Expect a due diligence request list from sophisticated investors that asks many questions. What types of data does the company collect from customers and what is its purpose? Do you have a data privacy and security, and an information security, policy? Does the company have an access control policy, use encryption and have an incident response program? If applicable, please provide a summary of all HIPAA compliance requirements and processes for such compliance, as well as copies of all business associate agreements related to HIPAA compliance.

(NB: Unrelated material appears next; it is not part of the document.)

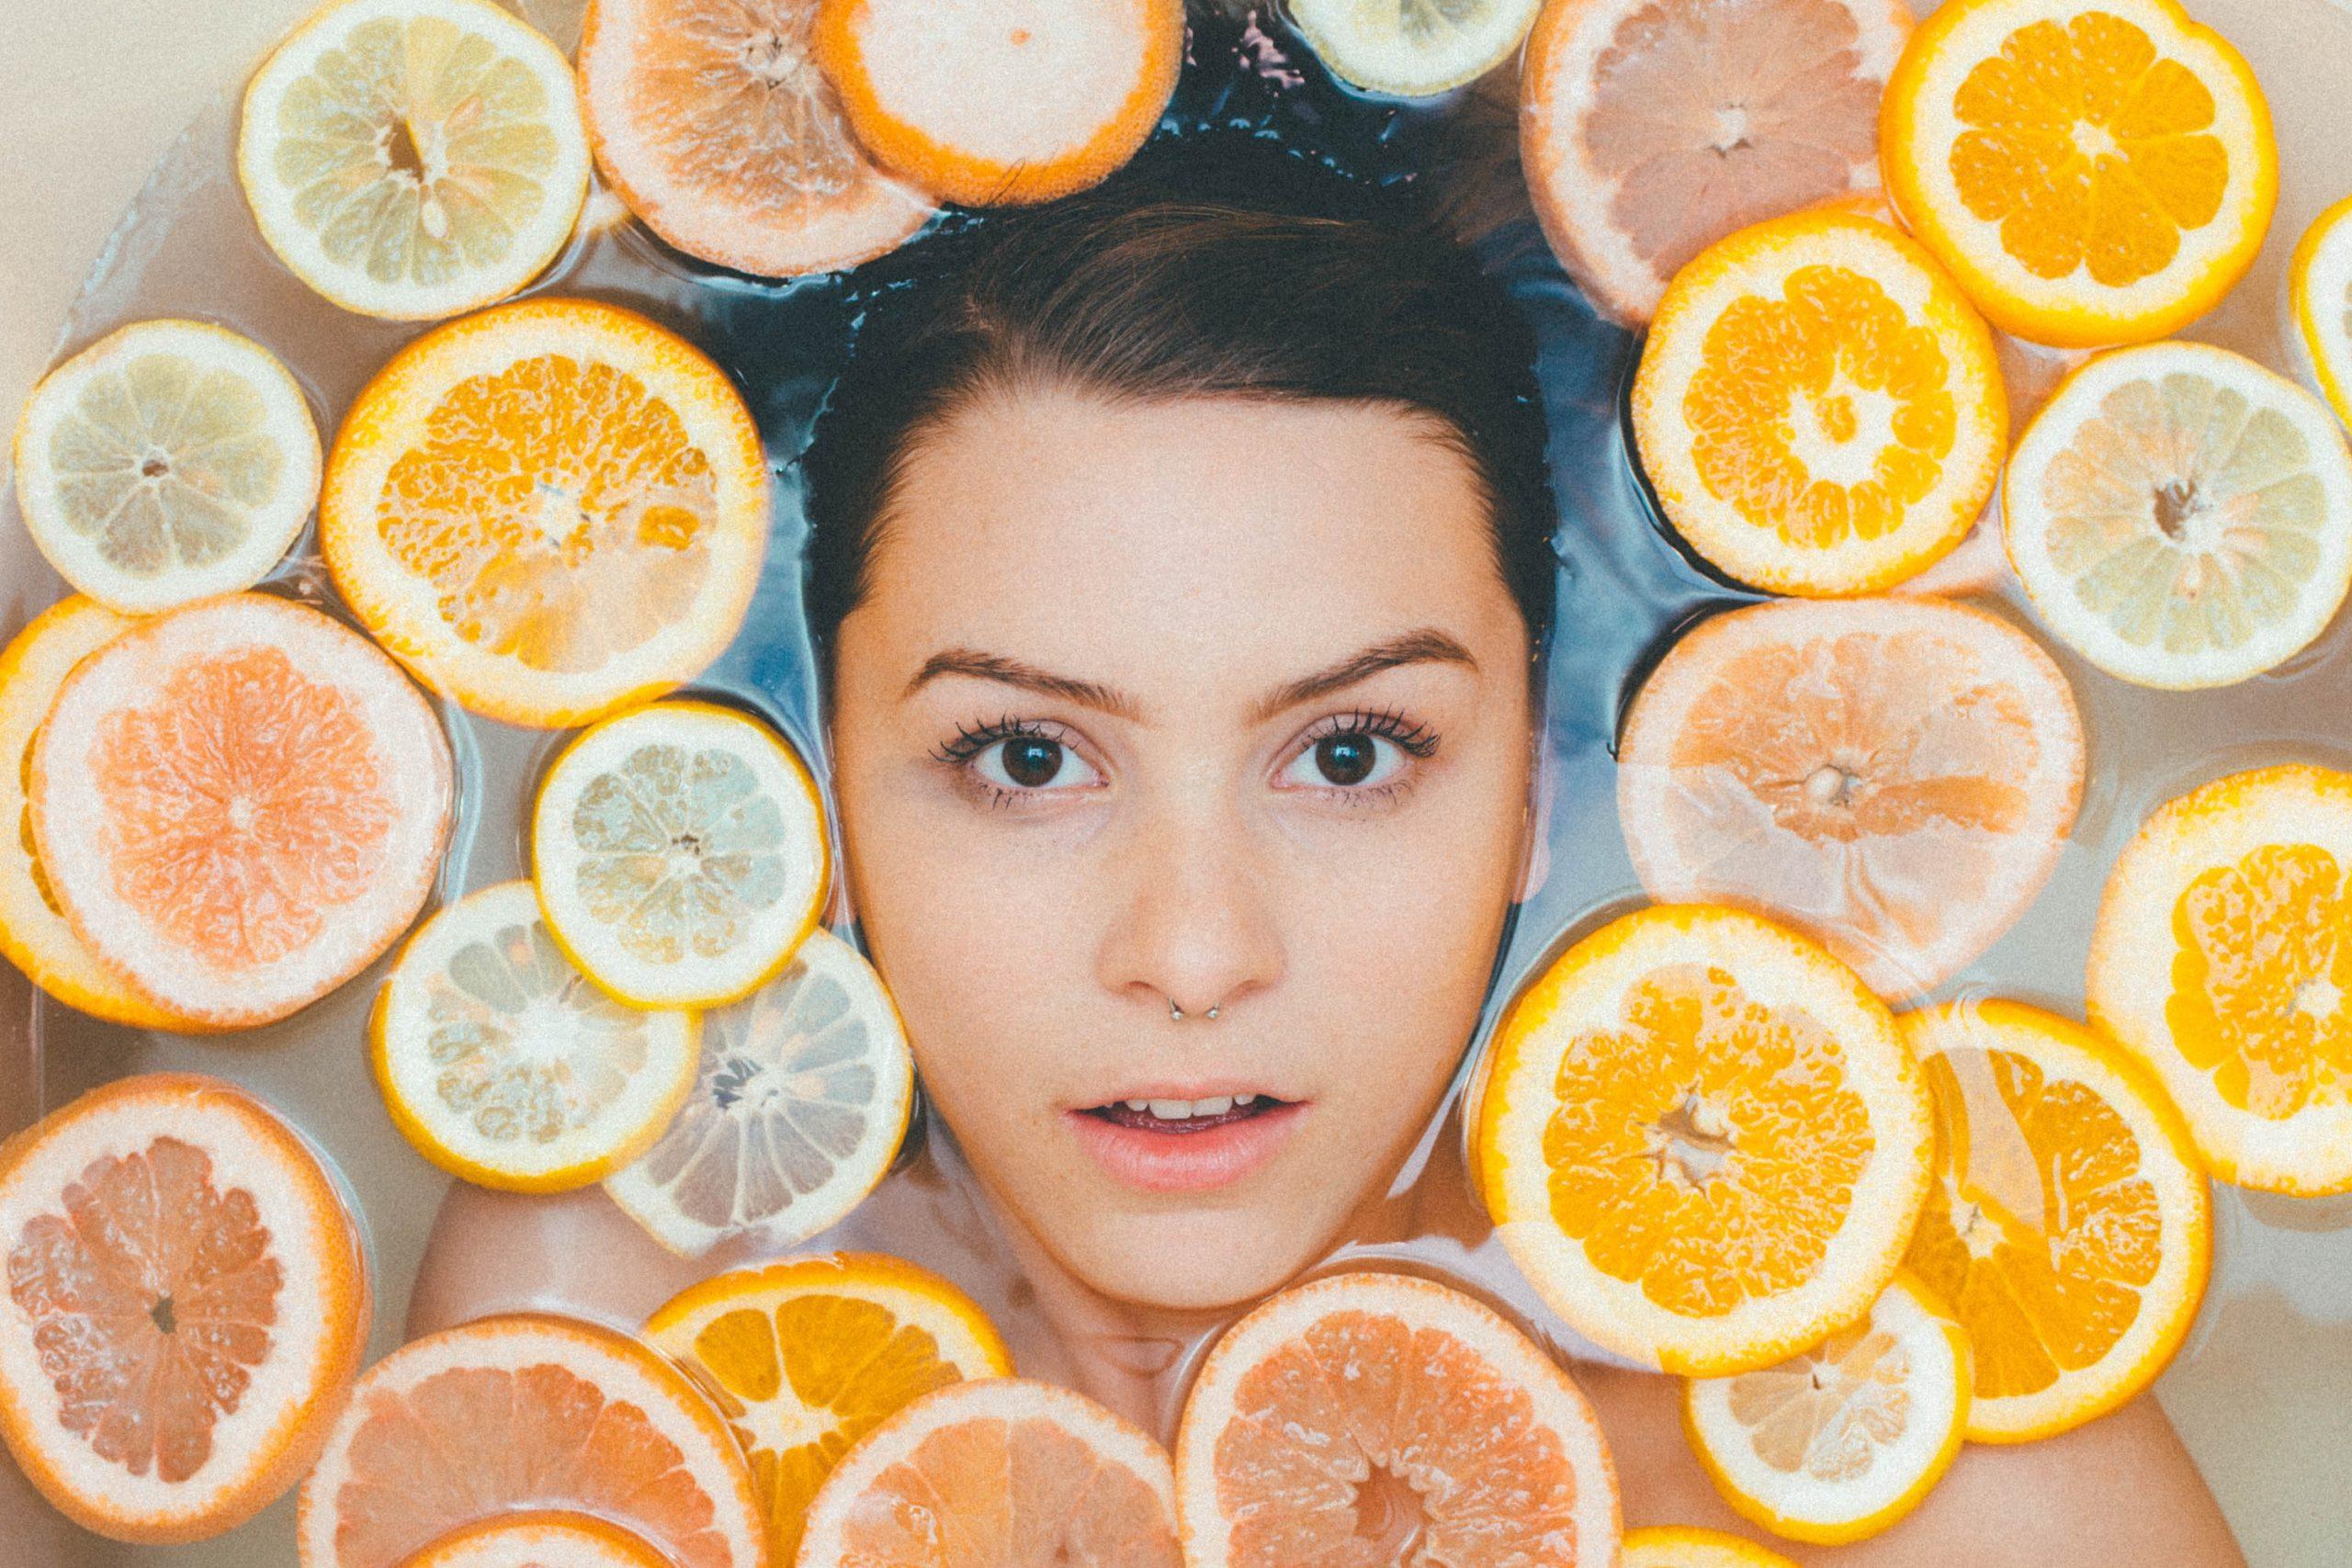 Glava devojke u vodi pored kolutova pomorandže

These questions will be the tip of the iceberg. So ask your counsel to provide you with a comprehensive data security due diligence checklist so that you can be prepared for the new world!

  1. Human Resources. Make sure your employee manual is up to date and in compliance with applicable law. Confirm that your payroll and employee benefit plans are properly administered by people who understand the laws relating to withholding taxes, overtime and welfare and retirement benefits. Review your classification of any personnel or service providers as independent contractors versus employees. Many startup companies incorrectly classify employees as contractors. If you have non-U.S. citizen personnel, obviously you need to confirm that your immigration law house is in order. The consequences can be expensive.
  2. Is Your Software a Big Component of Your Value? So many companies are essentially SaaS companies. And they are favorites of venture investors due to their lost-cap-ex and infinitely scalable business models. But the development and contents of your software can truly come back to haunt you when raising venture capital or selling your company. Venture capital investors are focused on what the ultimate buyer of your company, and their legal counsel, will investigate as part of their later due diligence. Perhaps the most significant part of an investor or buyer’s due diligence of a SaaS company, after basic business and financial due diligence, is a deep-dive analysis of the company’s software to confirm that it does not present legal risks associated with the use of open source software in development or otherwise. Many investors and buyers will have a third-party software audit firm like Black Duck do an intensive review of the software to verify the quality, functionality and proprietary ownership of the source code. The smartest founders will seriously consider having such an audit, at least as to open source and related risks, conducted before an investor’s due diligence begins. This can save significant time and, again, will impress the investor that company management knows what it is doing.